In the early stages the lowlands and cities may have had some organisation or "council" and the Bishop of London appears to have played a key role, but they were divided politically as former soldiers, mercenaries, nobles, officials and farmers declared themselves kings, fighting amongst each other and leaving Britain open to invasion. Two factions may have emerged: a pro-Roman faction and an independence faction. The one leader at this time known by name is Vortigern, which may have been a title meaning "High King". The depredations of the Picts from the north and Scotti (Scots) from Ireland forced the Britons to seek help from pagan Germanic tribes of Angles, Saxons and Jutes, who then decided to settle in Britain. Some of the Romano-British people migrated to Brittany, the Suebi Kingdom of Galicia and possibly Ireland.

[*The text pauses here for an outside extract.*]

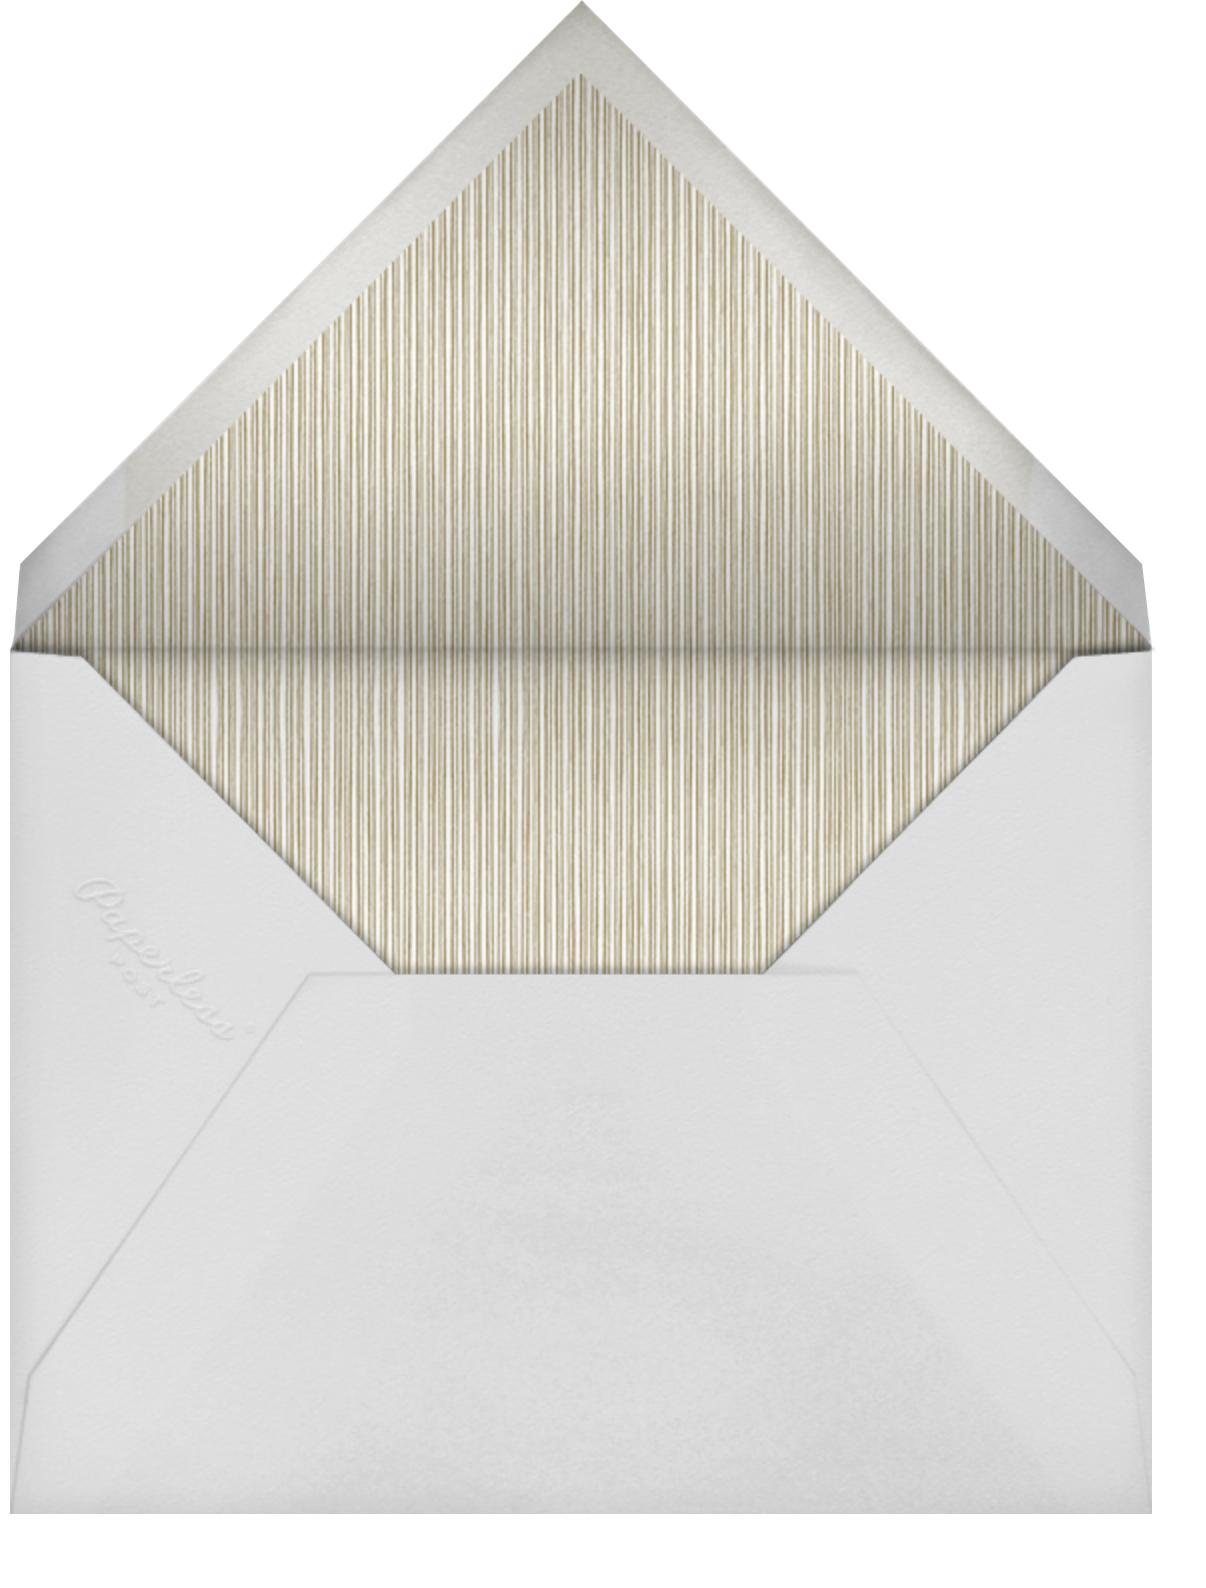 Regency (Tall) - Black - Paperless Post - Memorial service - envelope back

The Anglo-Saxons obtained control of eastern England in the 5th century. In the mid-6th century, they started expanding into the Midlands, then in the 7th century they expanded again into the southwest and the north of England. The unconquered parts of southern Britain, notably Wales, retained their Romano-British culture, in particular retaining Christianity. Members of groups who spoke Germanic also migrated to the southern section of Great Britain. Cultural exchange is seen in the post-Roman period with these Germanic settlements.

Some Anglo-Saxon histories (in context) refer to the Romano-British people by the blanket term "Welsh". The term Welsh is derived from an Old English word meaning 'foreigner', referring to the old inhabitants of southern Britain. Historically, Wales and the south-western peninsula were known respectively as North Wales and West Wales. The Celtic north of England and southern Scotland was referred to in Welsh as Hen Ogledd ("old north").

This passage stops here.